A couple of recent technological advances may increase the role of seismic interpretation in hydrocarbon exploration and recovery. One is the application of time-lapse seismology, also called 4-D seismology. In time-lapse seismology, a producing field is periodically resurveyed so that the new seismic image volume can be compared to past image volumes for evidence of lithologic changes that occurred in the time between surveys. Time-lapse methods are being used on a limited basis as a tool for reservoir production monitoring. Production engineers try to manage producing reservoirs by strategic positioning of production wells and injection wells, which are used to inject water or gas into a reservoir with the intent of pushing hydrocarbons toward production wells. Production engineers normally only have information about fluid flow within the reservoirs at the well locations. The seismic method provides a much more detailed picture of lateral variations in the earth; when 4-D reflection seismology provides a direct indication of fluid and gas movement, reservoir management and hydrocarbon recovery rates are greatly improved.

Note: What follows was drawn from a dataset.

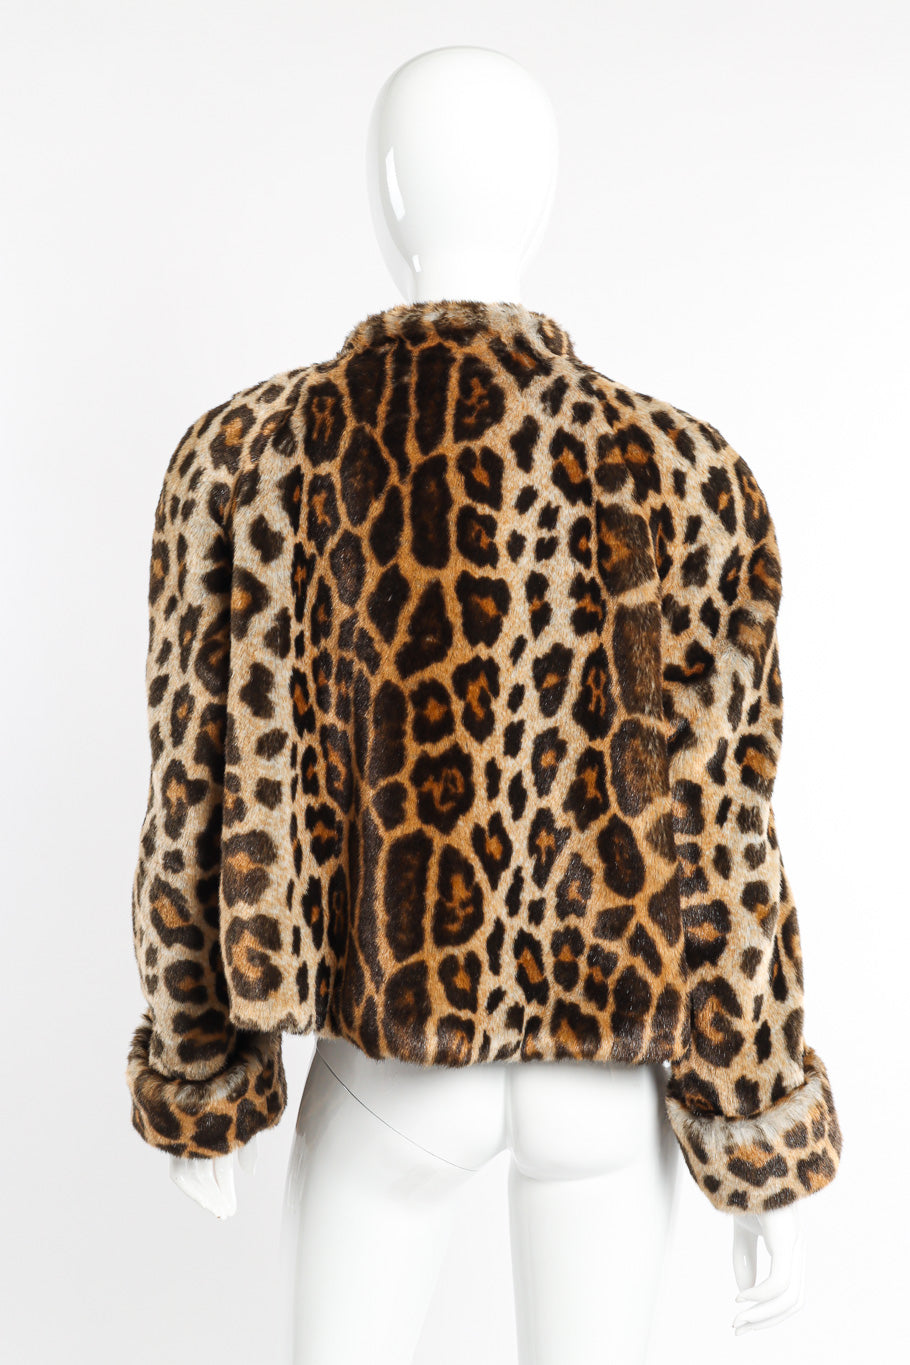 Vintage Mondi Leopard Print Faux Fur Jacket back view on mannequin @recessla

Multi-component seismology may be a complementary advance to 4-D seismology. By interpretation of multi-component seismic data, it may be possible to recover additional information about subsurface lithology because the mode converted reflection contains new information not available in the P-wave reflection. For example, the converted wave reflection amplitude is more directly sensitive to rock density than the P-wave reflection, and rock density may be an indicator of pore fluid type. Thus far, however, industry applications of multi-component seismology have been for structural imaging beneath gas-invaded zones, which severely attenuate P-wave reflections, but not S-wave reflections.